In what has been a nightmare of a season for Terry Rozier, Wednesday night’s fourth quarter against the Cleveland Cavaliers may have been the rock bottom.
There doesn’t seem to be a pinch coming to wake Rozier up. With less than 20 games left, the Miami Heat cannot afford to waste time waiting/hoping for Rozier to resemble the player they thought they traded for last January.
The Heat, 29-32, are jammed at seventh in the East standings. They are five games behind the sixth-place Detroit Pistons – likely an insurmountable distance at this stage. The Heat should be more concerned about what’s behind them. The Orlando Magic and Atlanta Hawks each trailing by less than two games.
Nobody wants to be in the play-in tournament, but if you have to be playing that week, you want the No. 7 seed that comes with two chances to win one game on your home court.
A win Wednesday not only would have provided the Heat with support in the standings, but it also would have marked one of the biggest upsets of the regular season.
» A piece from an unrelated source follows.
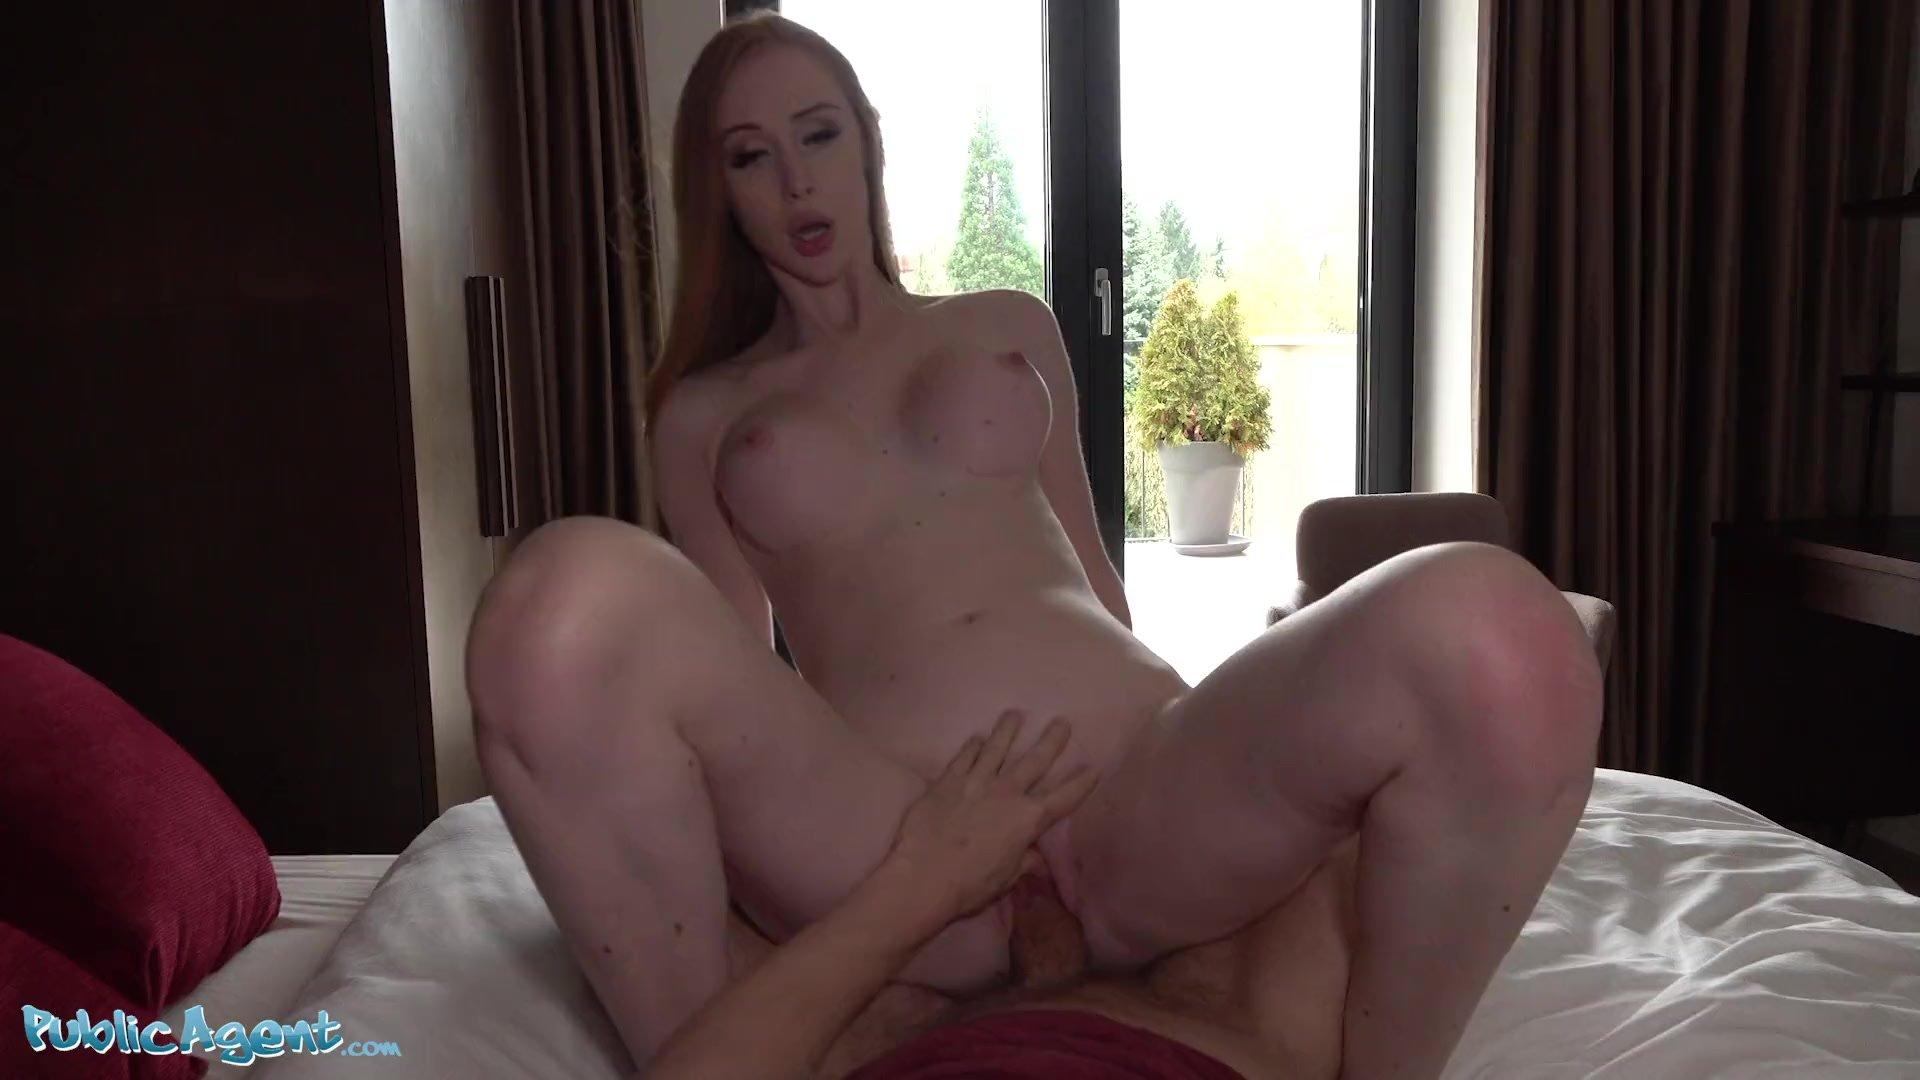 Actriz Porno Damaris Xxx public agent redhead brit lenina crowne fucks for posh villa

A Heat team, missing three starters, taking down a fully healthy team with the NBA’s best record riding an 11-game win streak.
And yet, despite the narrow defeat and Bam Adebayo’s starry heroics, it’s hard not to be disappointed. The Heat could have won that game, and the decision to play Rozier a team-high 40 minutes may have cost them their biggest win of the season.
Even in a season that has admittedly not been coach Erik Spoelstra’s best, Wednesday night’s decision to play Rozier for 22 second-half minutes, including the entire fourth quarter, ranks among his most confounding. (Right up there with calling a timeout he didn’t have in a loss to the Detroit Pistons earlier in the season.)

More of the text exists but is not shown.